文紀那頭已經找到了姜幼瑤,趙軻剛走過來,見姬蘅在一個陌生的囚犯面前停下腳步。趙軻問道:「大人,這人……」

那個人費力地張了張嘴,想要說話,但不知是因為被灌了啞藥的原因,還是因為嗓子暫且發不了聲,並沒有任何聲音出來。但還是能看清楚他的嘴巴,說出的話大約是四個字。

他說:請您,救我。

「帶他回去。」姬蘅道:「看司徒能不能治。」

「哎?」趙軻有些奇怪,姬蘅從來不是一個心地仁善的人,更不可能什麼路見不平拔刀相助。這私牢裡的人都是永寧公主的仇人,和姬蘅半點關係也沒有。今日來此,也不過是為了姜二小姐所託的,要找姜幼瑤。至於其他人,不必說國公府的人沒有同情心,實在是因為這些人就算是救了回去,多半也是廢人了。對於這些人來說,最好的解脫是死去。

「治好了,給你作個伴。」姬蘅道。

趙軻道:「……大人,這人的腿怕是廢了。」

都是練武之人,趙軻一眼就看得出來,這人的兩條腿,怕是早就被人打斷了。又隔了太長時間,怎麼都不可能治好。便是救了出去,怕也不能在國公府當侍衛的。

「沒關係。」姬蘅道:「有用就行。」

那滿身血汙的人聽了,立刻露出感激的神情來。眼下要分辨他的神情,唯有從一雙眼睛裡。好在他的這雙眼睛,天生就是能說話的。趙軻看著看著,突然覺得這人的目光倒是有些熟悉,和姜家二小姐有幾分相似。溫和又從容,在晦暗的、髒汙的私牢裡,像是太陽一般點亮了這方地獄。

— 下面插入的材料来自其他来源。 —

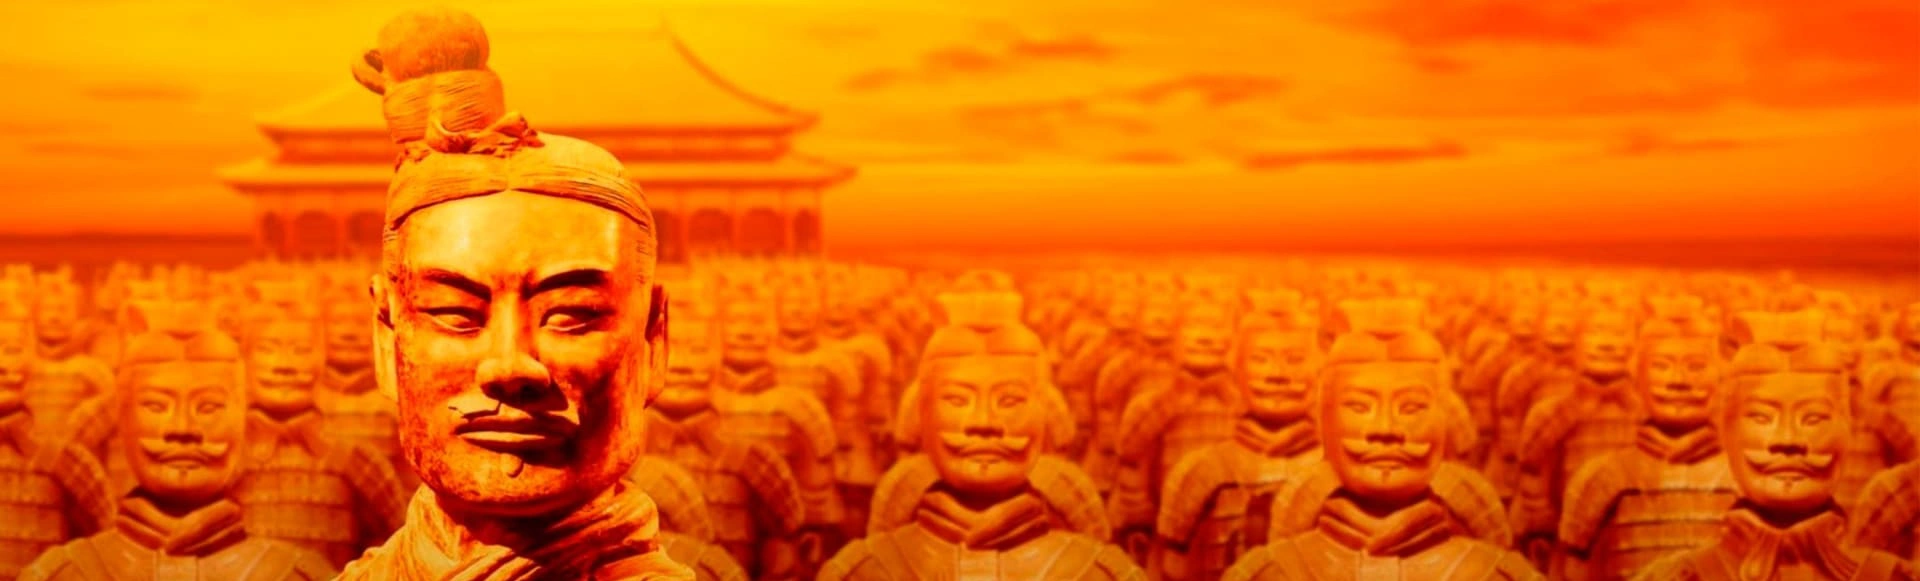 Выставка-реконструкция «Терракотовая армия. Бессмертные воины Китая» пройдёт на ВДНХ: окунитесь в уникальную культуру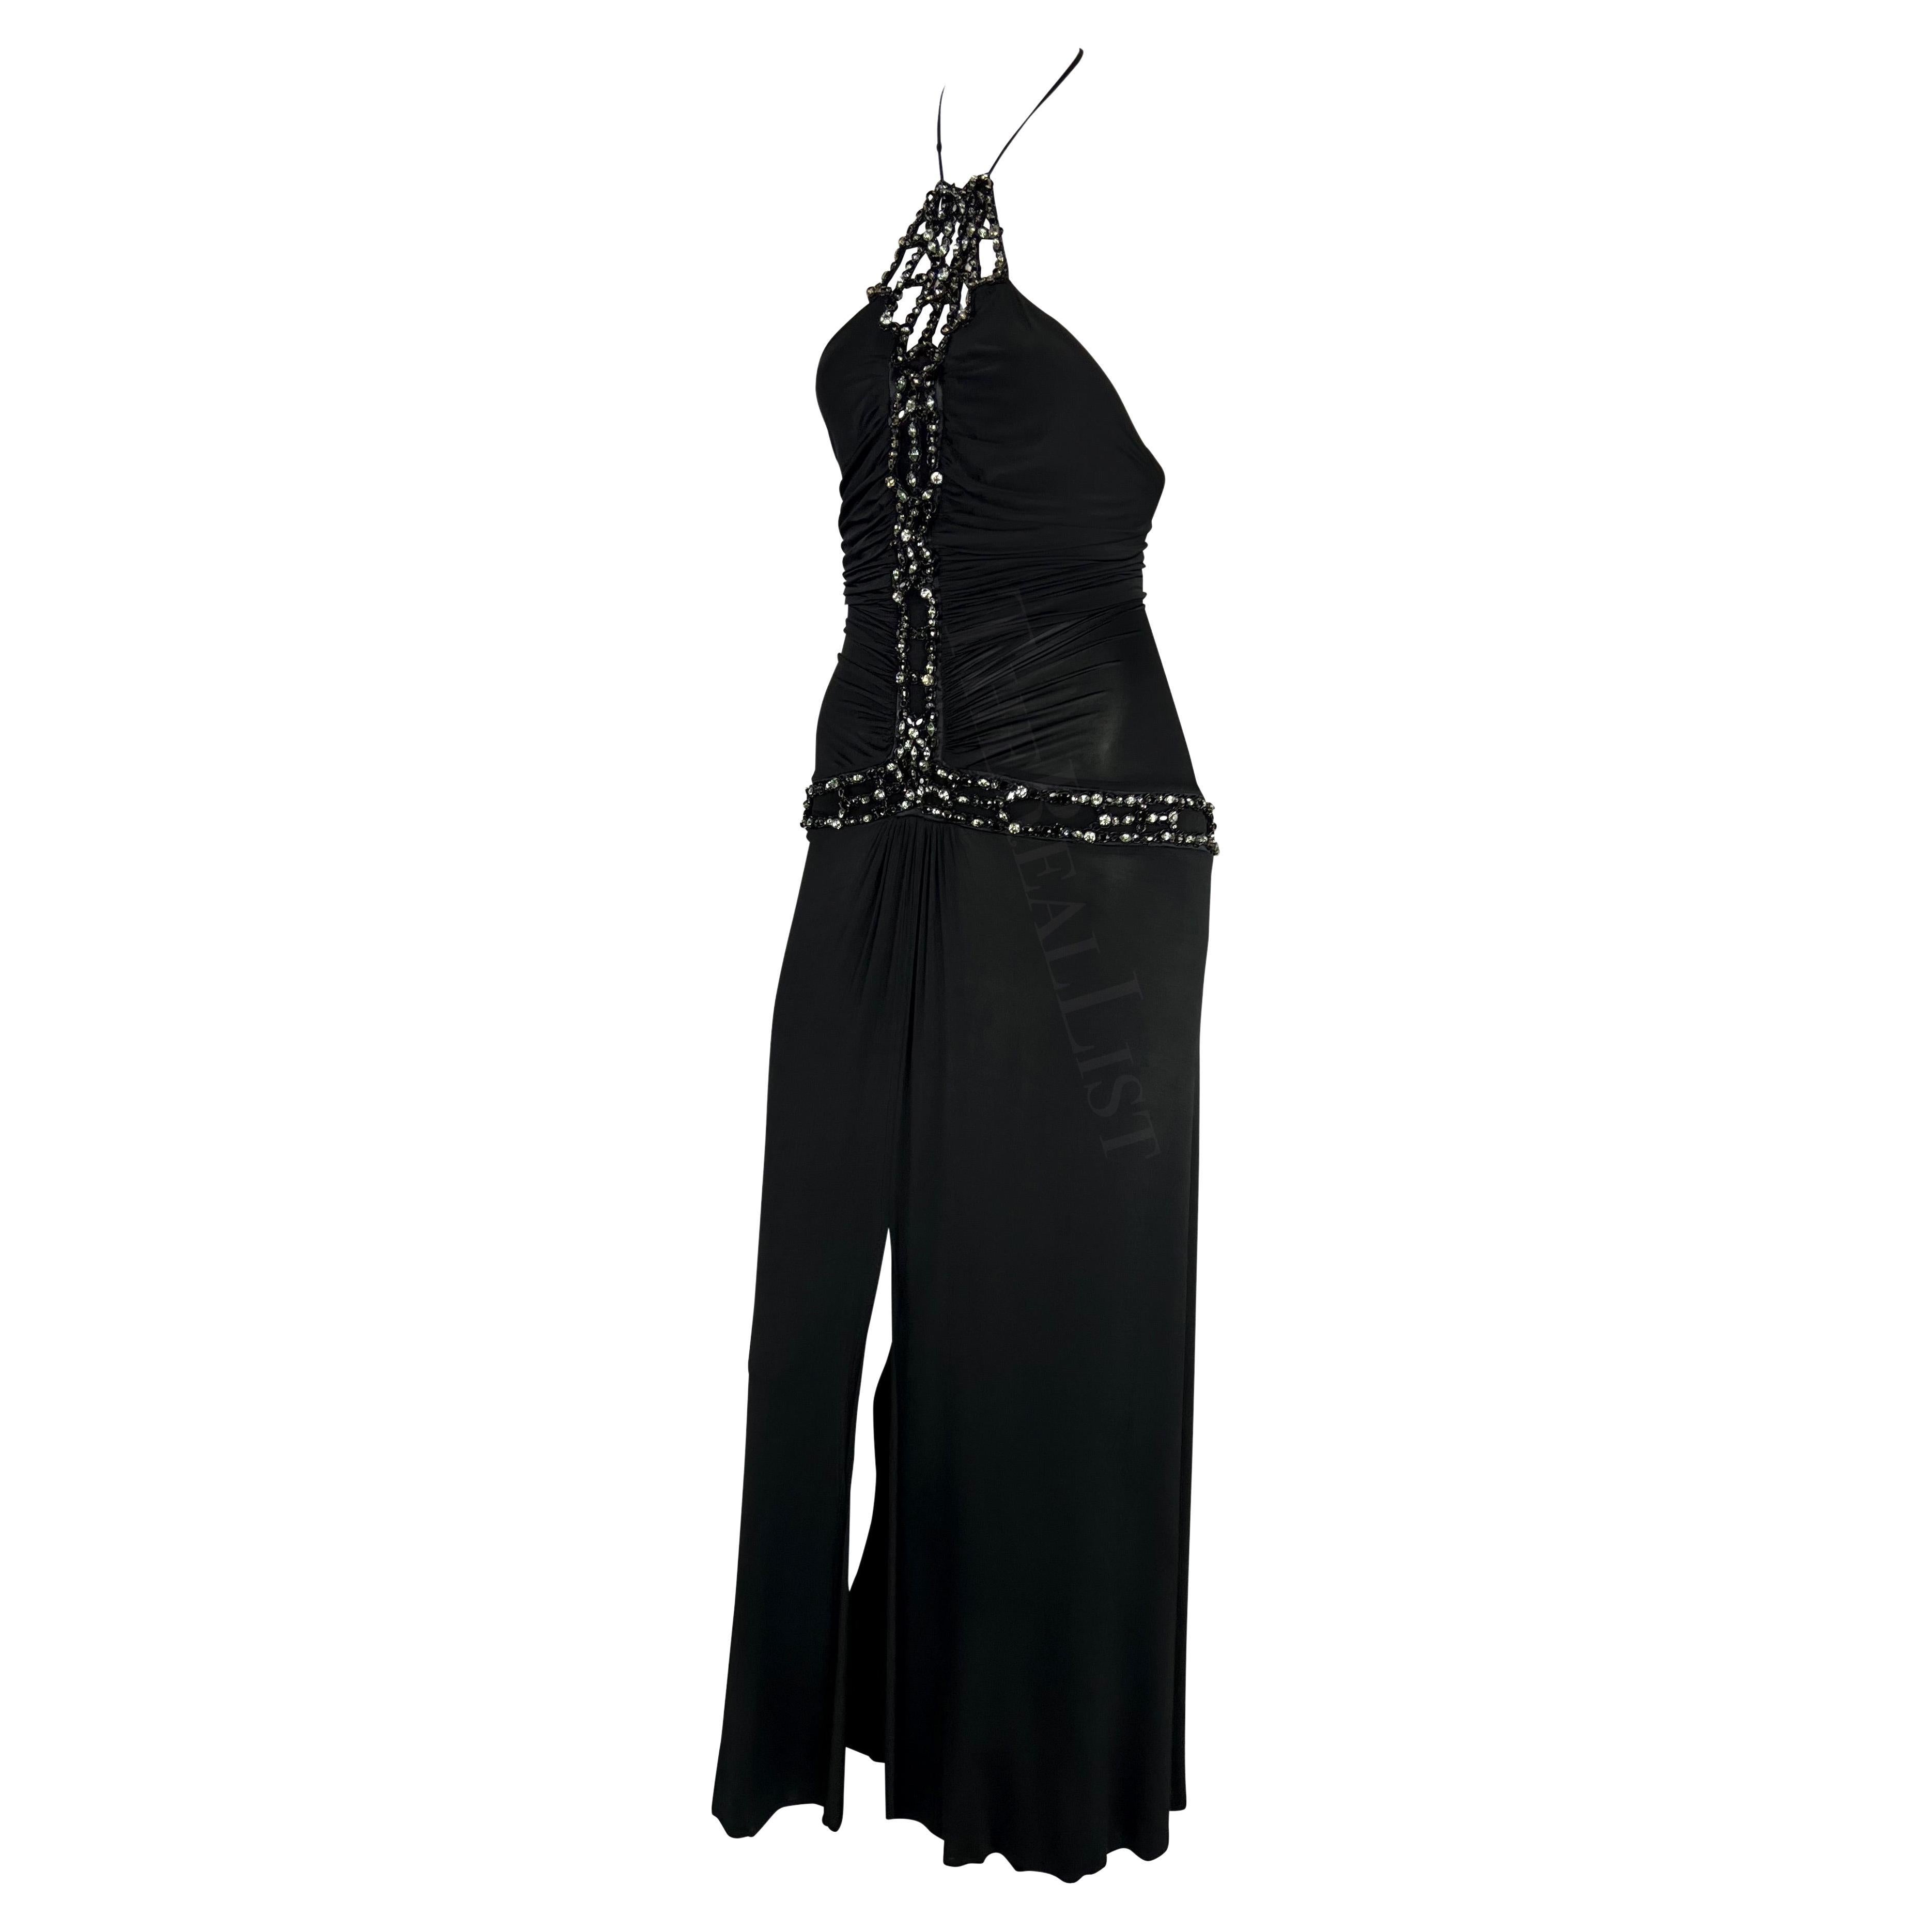 Elle présente une fabuleuse robe noire cintrée Roberto Cavalli. Issue de la collection Printemps/Été 2005, cette robe longue présente une encolure dos nu et des embellissements en strass sur le devant de la robe et autour des hanches. Cette robe

「他看起來和其他人不一樣。」趙軻道:「也不知道哪裡得罪了永寧公主,竟然落得如此地步。」

「回去查查他的底細。」姬蘅說完,看向另一頭,文紀正從後面過來,文紀道:「主子,姜幼瑤找到了,不過看樣子神智不清,暫且是不行的。照主子的吩咐,給她餵了司徒姑娘的藥,幾日之內不必死了。」

趙軻對文紀道:「搭把手,大人讓把這人救出來。」

文紀聞言,面上也露出一絲意外,但仍舊什麼都沒說,將這人從牢裡撈了出來。等撈出來的時候才發現,這人身上的一面衣角,竟是白色的。他並非穿著一件紅褐色的衣裳,而是一身白衣,都被滿身的血浸透了。

卻還沒有死?

不是沒有見過意志堅定之人,但流了這麼多血還不死,也實在令人驚訝。姬蘅看了這人一眼,略一思忖,道:「永寧公主幹的,故意留他一條性命,慢慢折磨。」

趙軻和文紀明白了,永寧公主害怕這人死了,死得太輕易,便故意或者送藥吊著這人的一口氣,讓這人不至於丟了性命,慢慢地折磨。

「不過他看起來還挺清醒的,」趙軻道:「不容易,尋常人被這麼長時間的折磨,早就瘋了,要麼心如死灰,他還挺有生機。就是現在不能說話也不能動,嘖,要是腿沒廢,看起來倒是個好苗子。」

那人聞言,雙眼黯了一下,不過很快隱沒,姬蘅看在眼裡,若有所思。

「也不知他怎麼得罪了永寧公主,」趙軻一邊小聲嘀咕著一邊把這血人扛在身上,這人大約也是被餓得像是一張紙,趙軻揹著也不覺得沉重,一邊道:「可惜了。」

三人出了公主府的私牢,臨出門時,姬蘅和趙軻先行,待二人離開後,文紀蹲在私牢門前的茶房外,點燃了一根菸竹。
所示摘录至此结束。